Он посмотрел на нее с благоговением, и добрая душевная улыбка затрепетала в его аккуратно постриженных темно-каштановых усах.
— Видите ли, Машенька. — ласкательное слово случайно, помимо воли, сорвалось у него с языка, и он совестливо потупил глаза: — Извините, что я так…
— Ничего, вам я разрешаю. Мне даже приятно, тем более мы же старые знакомые, как это ни банально звучит. — В глазах ее светилось детское доверие.
— Да-да, не банально, а скорее книжно. Я тоже знаю вас сотню лет.
И они оба вдруг, как по команде, раскатисто рассмеялись. Смеющийся маленький рот Маши обнажал ровные белые зубы, а смеющиеся глаза Иванова забавно, как-то по-детски щурились. Так они стояли друг против друга, ощущая притягательную теплоту, позабыв о незаконченной фразе Алексея Петровича. Наконец он вспомнил:
— Так о чем мы? Да, о Боге и бессмертии души. Не хотелось бы на такую серьезную тему говорить походя. Давайте перенесем на «попозже»? Хорошо?
— Согласна. А теперь вы покажете мне свою мастерскую, или, как сказала мне мама, ваш «цех». Я ж говорила вам на выставке, что не представляю технологию вашей профессии.
В «цеху» внимание Маши сразу же привлекла композиция «Девичьи грезы».

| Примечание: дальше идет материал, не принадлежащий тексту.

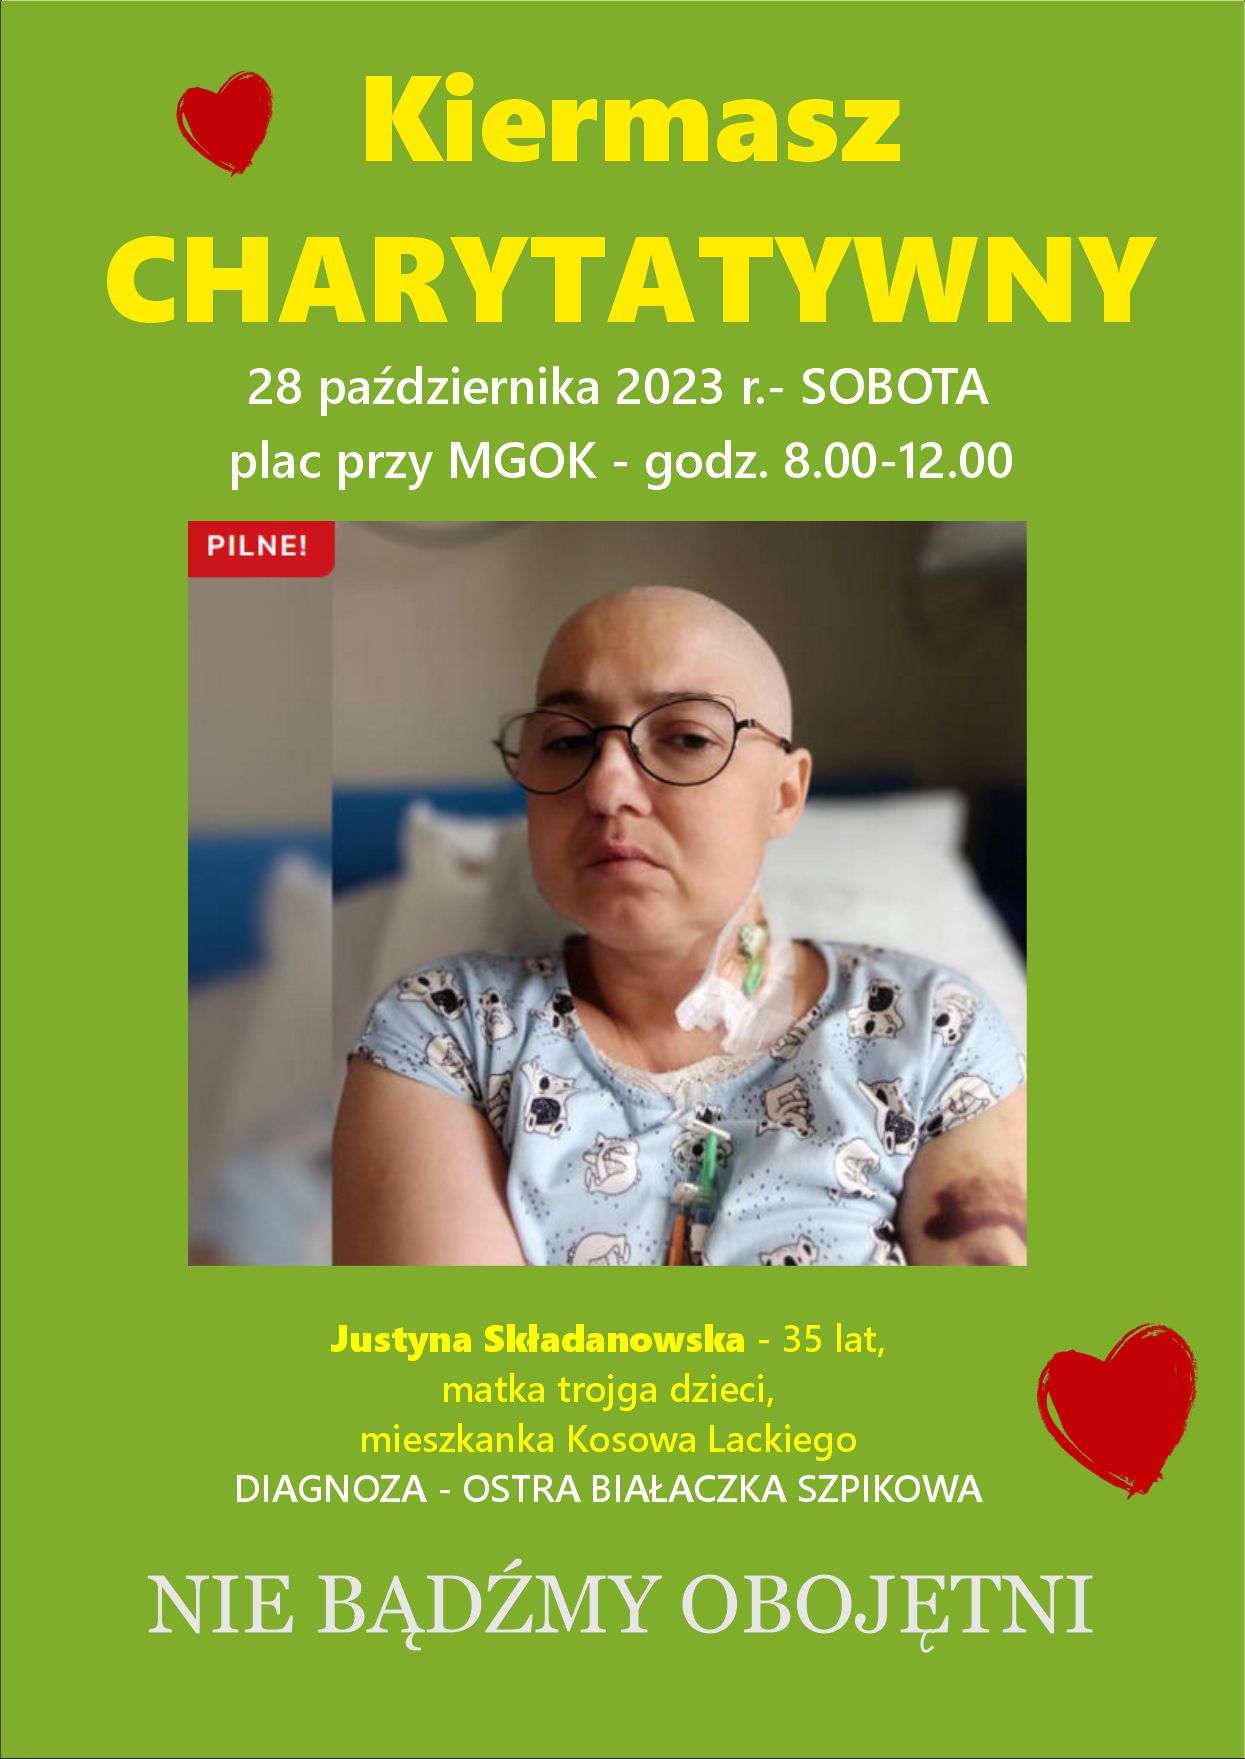 Kiermasz charytatywny dla Justyny Składanowskiej - plakat

— Как интересно, — воскликнула Маша вполне искренне. — И как вы лепите — с натуры вот этих обнаженных. — Иванов молча кивнул. — И где вы их берете?
— Есть специальная организация — цех натуры. Мы вносим положенную плату за час, за два, ну сколько потребуется. Вот эту композицию я назвал «Девичьи грезы».
— Гадает на ромашке: любит-не любит. Название поэтичное. И фигура девушки очень мила. Кто она?
— Жена сексолога. — Ироническая улыбка заиграла в глазах Иванова.
— Вот даже как? А муж знает?
— Она говорит, что не знает.
— Осталось вылепить лицо и руки?
— В этом вся загвоздка. Природа допустила дисгармонию: при отличной фигуре подкачали руки, главным образом пальцы.
— А лицо?
— Ее лицо вообще не годится, хотя оно и привлекательное, даже броское. Но в нем нет образа, романтики, напряженного ожидания, мечты. Понимаете?
— И что же вы будете делать?
— Буду искать другое лицо и руки. Здесь нужны тонкие пальцы. Такие, как ваши.
Она загадочно улыбнулась прямо ему в лицо и снова перевела оценивающий взгляд на композицию, обронила, как мысль вслух:
— Девичьи грезы… Забавно… И великолепно. Может получится очаровательная и психологически глубокая вещь. Если, конечно, вы найдете соответствующее лицо.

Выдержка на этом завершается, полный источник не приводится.